Presidents' green rhetoric at U.N. questioned

  • 2007-09-26
  • By Joel Alas
TALLINN - The three presidents of the Baltic states traveled to New York to address the United Nations on the urgent need to combat climate change.
But back home, environmentalists questioned how genuine the Baltic nations were about reducing energy use and pollution within their own borders, let alone abroad.
Estonian President Toomas Hendrik Ilves enjoyed one of the highest honors of his time in office, speaking to the UN conference of world leaders on behalf of the entire European Union about the need for a new global climate agreement.

He boasted about Estonia's achievements in reducing energy consumption as an example of how growth could be coupled with low greenhouse gas emissions.
"Despite the economic growth of more than 10 percent in a year, the use of energy has decreased by 2.5 percent in a year," Ilves said.
However, Marek Strandberg, a leader of the Estonian Greens party, questioned Ilves' calculations.
"That's not true. During recent years, the amount of fuel we have used has increased each year," Strandberg told The Baltic Times.
Strandberg said he was surprised to hear Ilves praising Estonia's green achievements when the nation still relied on heavily polluting oil shale plants, and showed no sign of weaning off them.
Estonia should also be ashamed of squandering the money it received for its carbon trading quota, which was not spent on lowering gas emissions or building clean power, Strandberg said.
"Perhaps the president was talking about our potential, because we have the potential to change. Unfortunately there is no intention to change this behavior," he said.

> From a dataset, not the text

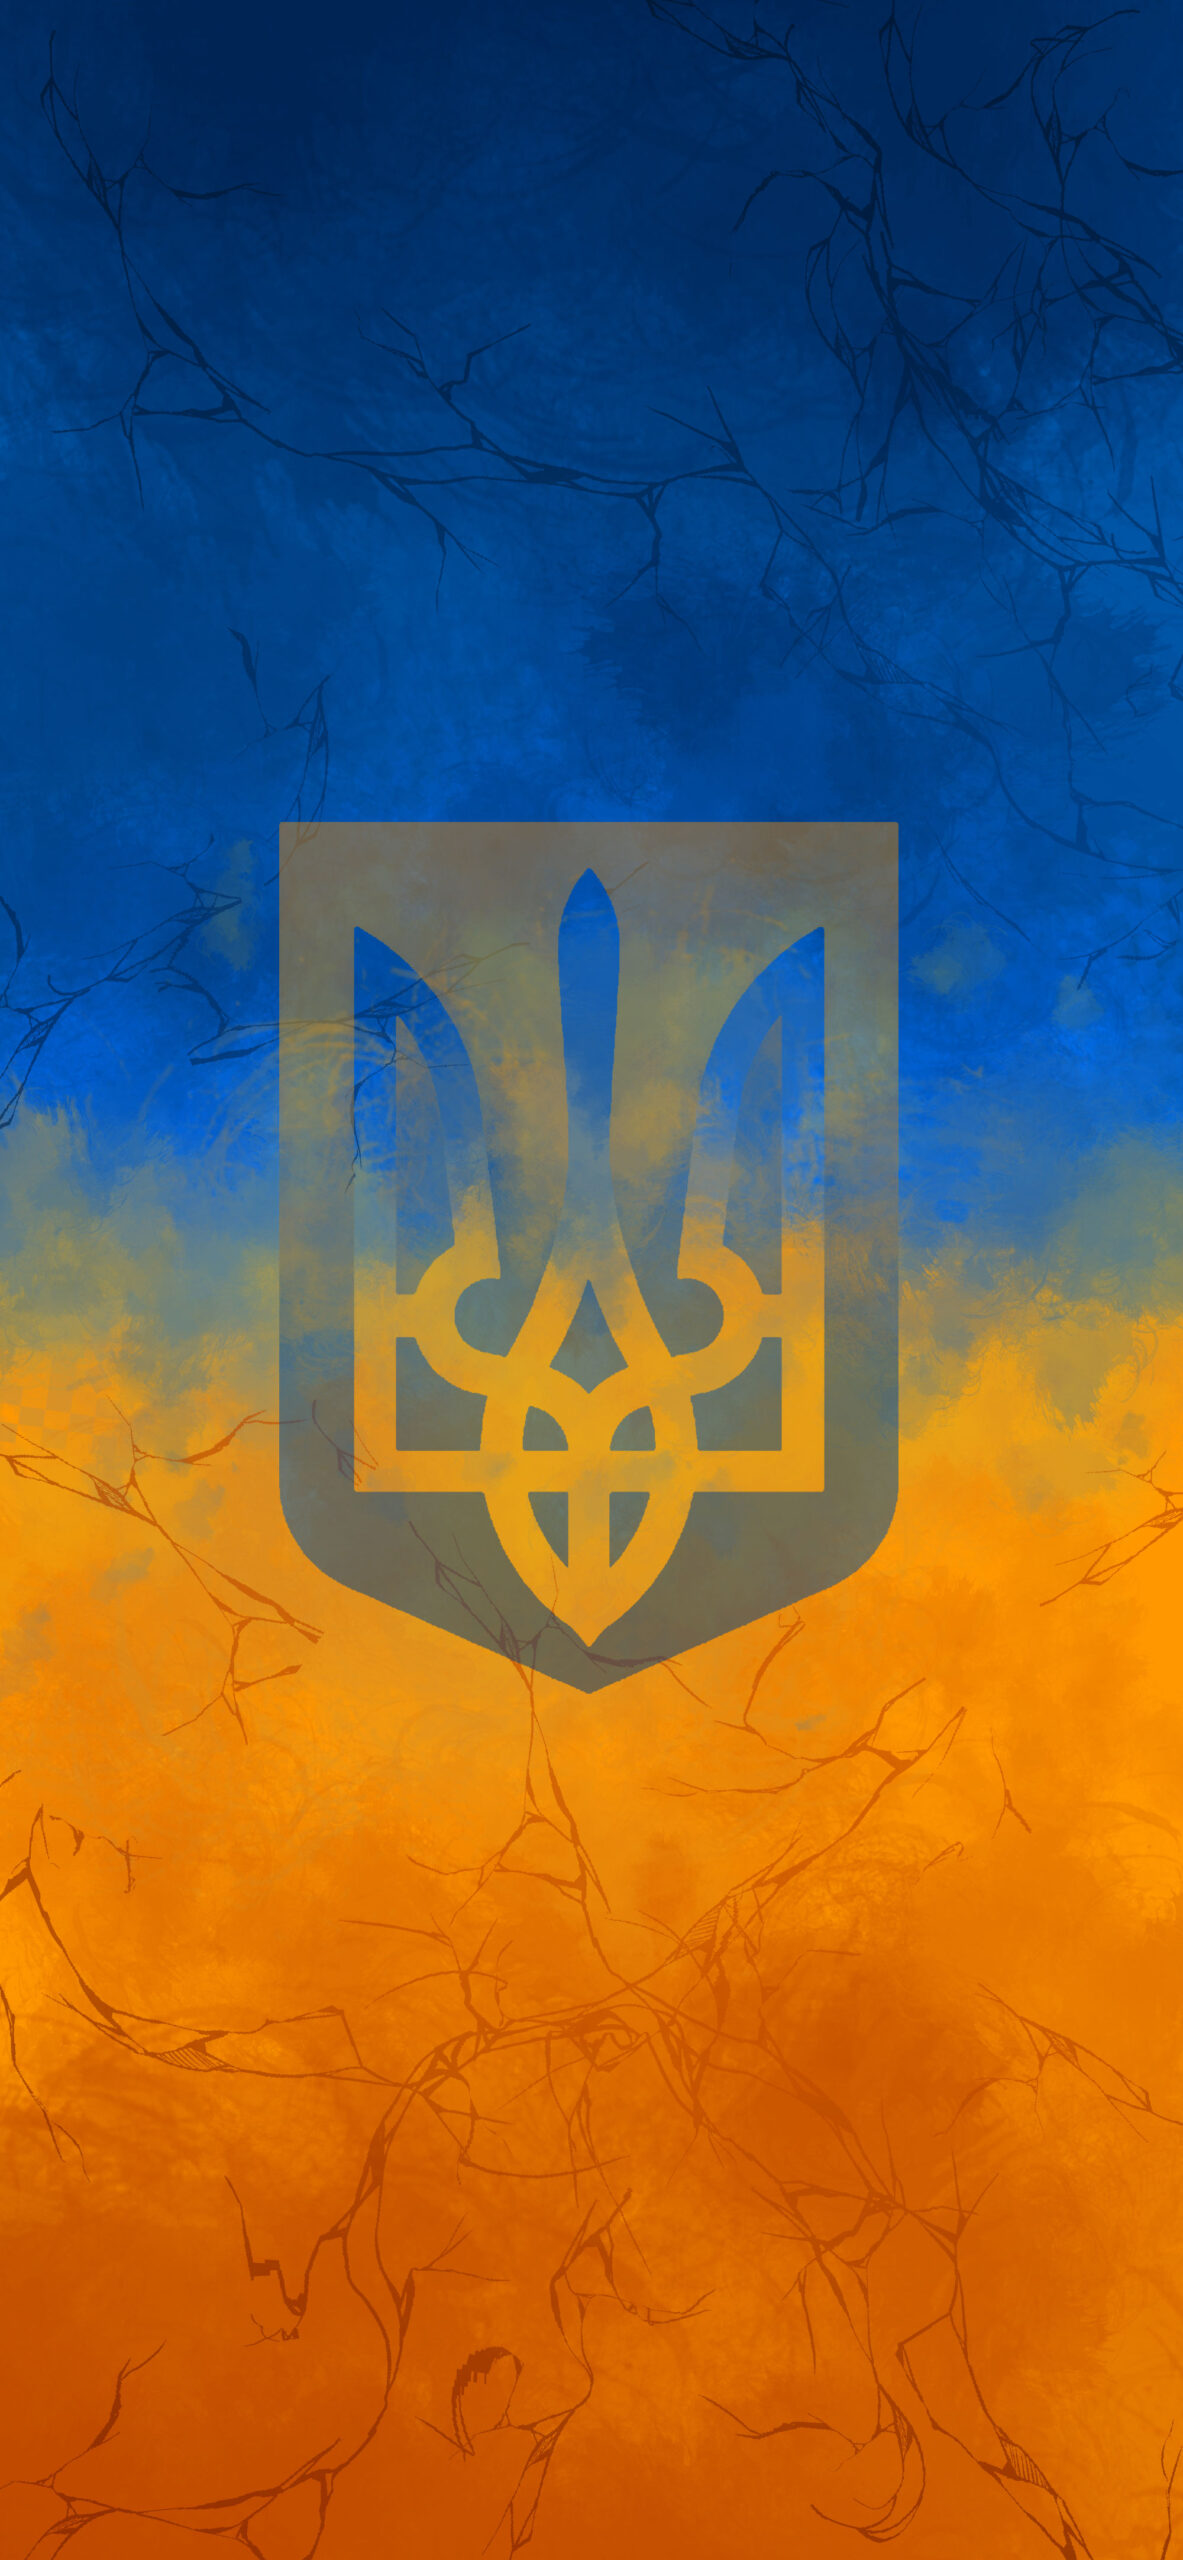 ukraine state emblem background

Ilves was asked by the current EU presidency chair nation, Portugal, to represent the union at the conference, held in New York on Sept. 24.
He said a post-2012 climate agreement should promote technological innovation, while he said the EU supported a market-based approach to the carbon trading system.
He said it may take the establishment of a UN organization for environmental issues to ensure objectives were carried through 's something re-iterated by other Baltic presidents during their speeches at the UN.
Lithuanian President Valdas Adamkus said a more coherent system of international environmental governance through the UN was needed. He said the cost of the consequences of global warming could be twenty times higher than the cost of fighting it today.

Latvian President Valdis Zatlers also said that the cost of mitigating the effects of climate change would amount to 1 percent of today's global gross domestic product.
"Any delays will only increase the costs of climate change manifold," Zatlers said.
The UN meeting has been labeled the largest-ever gathering of world leaders on climate issues, and took place one day before the opening of the UN General Assembly's annual general debate, which this year will focus on the same topic.

During their visit, the presidents also visited the New York Stock Exchange to ring the market's closing bell and extol the Baltics' investment potential.